1. Colonialismo digital e necessidade de soluções locais adaptadas — O Brasil vive uma dependência extrema das big techs estrangeiras, o que configura uma forma de colonialismo digital. Para competir de fato, uma "BigTech brasileira" precisaria oferecer usabilidade superior (mais intuitiva e adaptada ao público local) do que WhatsApp ou Google, algo muito difícil de alcançar.

 

2. Resistência cultural à mudança e preferência pelo já conhecido*— Mesmo com alternativas de código aberto ou nacionais potencialmente melhores, os brasileiros tendem a tolerar "enjambrações" do WhatsApp, Windows e similares porque já estão acostumados. 
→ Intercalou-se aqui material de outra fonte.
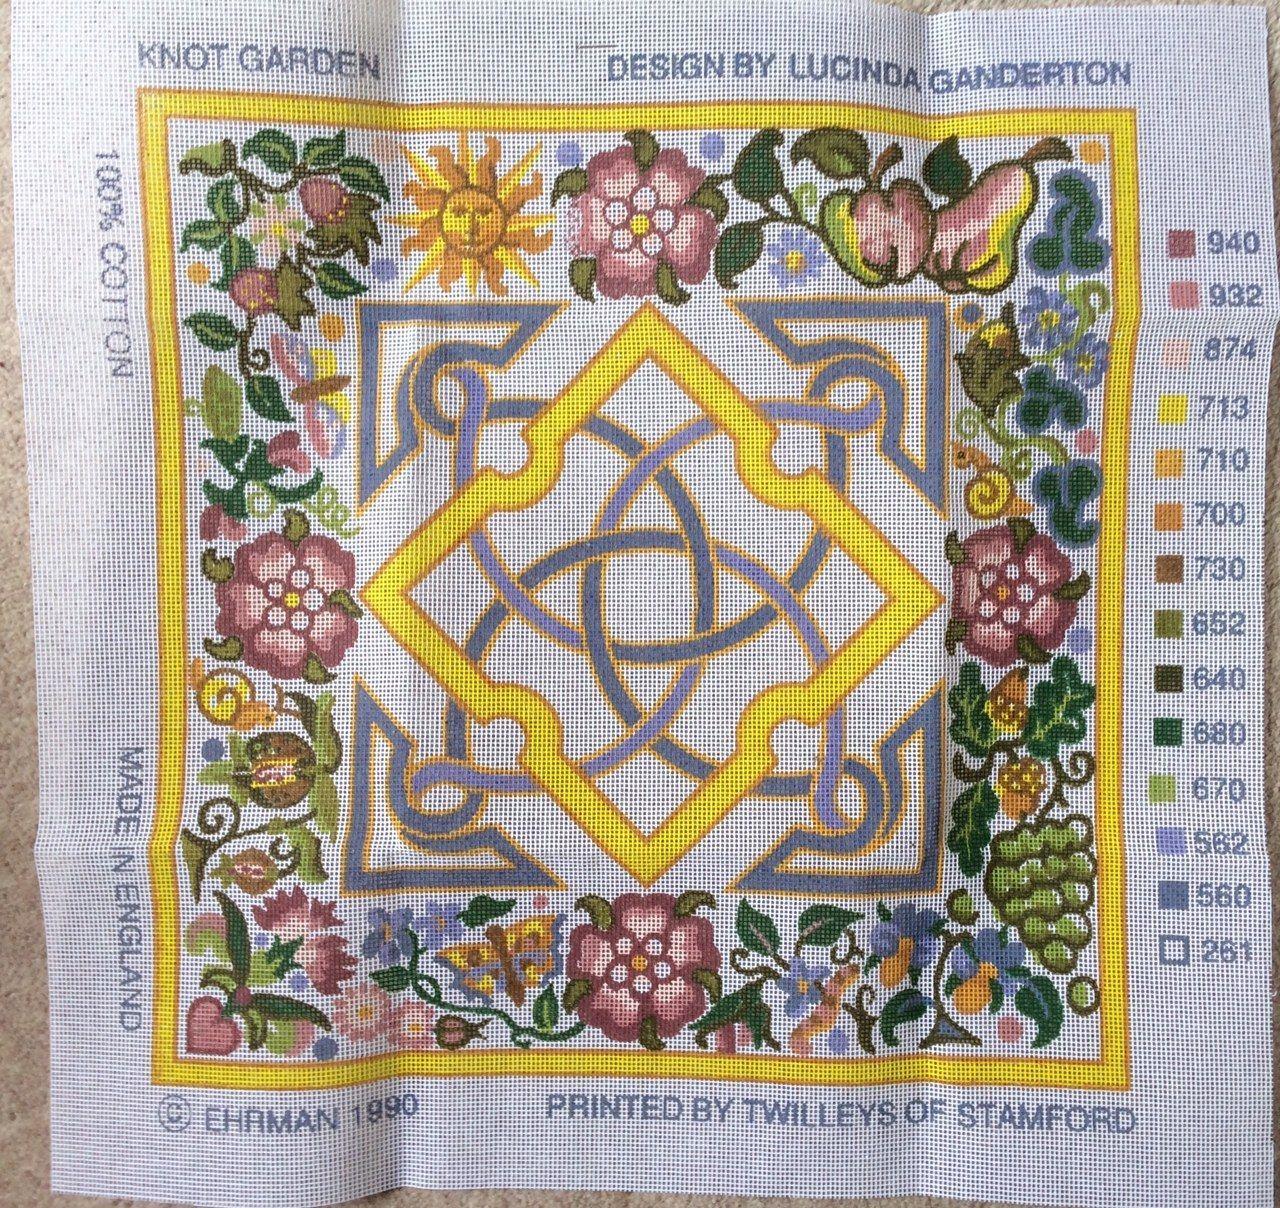 Ehrman Tapestry Needlepoint Kit Knot Garden Lucinda Ganderton

 Há uma inércia muito forte: as pessoas preferem conviver com problemas conhecidos do que adotar algo novo.

 

3. Bom custo-benefício das big techs atuais para o usuário comum — Ferramentas como o WhatsApp são "fantásticas 'pra mim'" na prática cotidiana.

  Isso torna ainda mais difícil convencer as massas a migrarem para uma solução brasileira, mesmo que ela seja tecnicamente superior em algum aspecto.

 

4. Falta de cérebros eficientes e originalidade no ecossistema brasileiro — O Brasil sofre com escassez de talentos realmente capazes de inovar em alto nível. 

 

 5. Desalinhamento de prioridades nacionais —    

  Enquanto 90 milhões de brasileiros não têm acesso a rede de esgoto, as universidades e pesquisadores muitas vezes se dedicam a temas avançados (IA, etc.) em vez de atacar problemas básicos de infraestrutura e custo de vida com tecnologia acessível. 

  Isso representa uma inversão de prioridades.

 

6. Não se deve abandonar o desenvolvimento tecnológico — Se surgirem ideias genuinamente boas e originais (seja em IA, smartphone revolucionário ou outra área), elas devem ser perseguidas com seriedade, com o objetivo de gerar algo útil para o Brasil ou para o mundo — independentemente de ser contra as big techs estrangeiras.

 

7. Motivação correta para inovação— A criação de uma BigTech ou tecnologia brasileira não deve nascer de ódio às empresas estrangeiras, desejo de "soberania digital" por soberania ou inveja/nacionalismo exacerbado. 

  O esforço só vale a pena se for direcionado a produzir algo objetivamente útil e valioso.

 

  Esses pontos capturam bem a tese principal do texto: ceticismo realista quanto à viabilidade de uma "BigTech brasileira" no curto/médio prazo, combinado com crítica às prioridades nacionais e ao tipo de motivação que costuma mover esses debates no Brasil.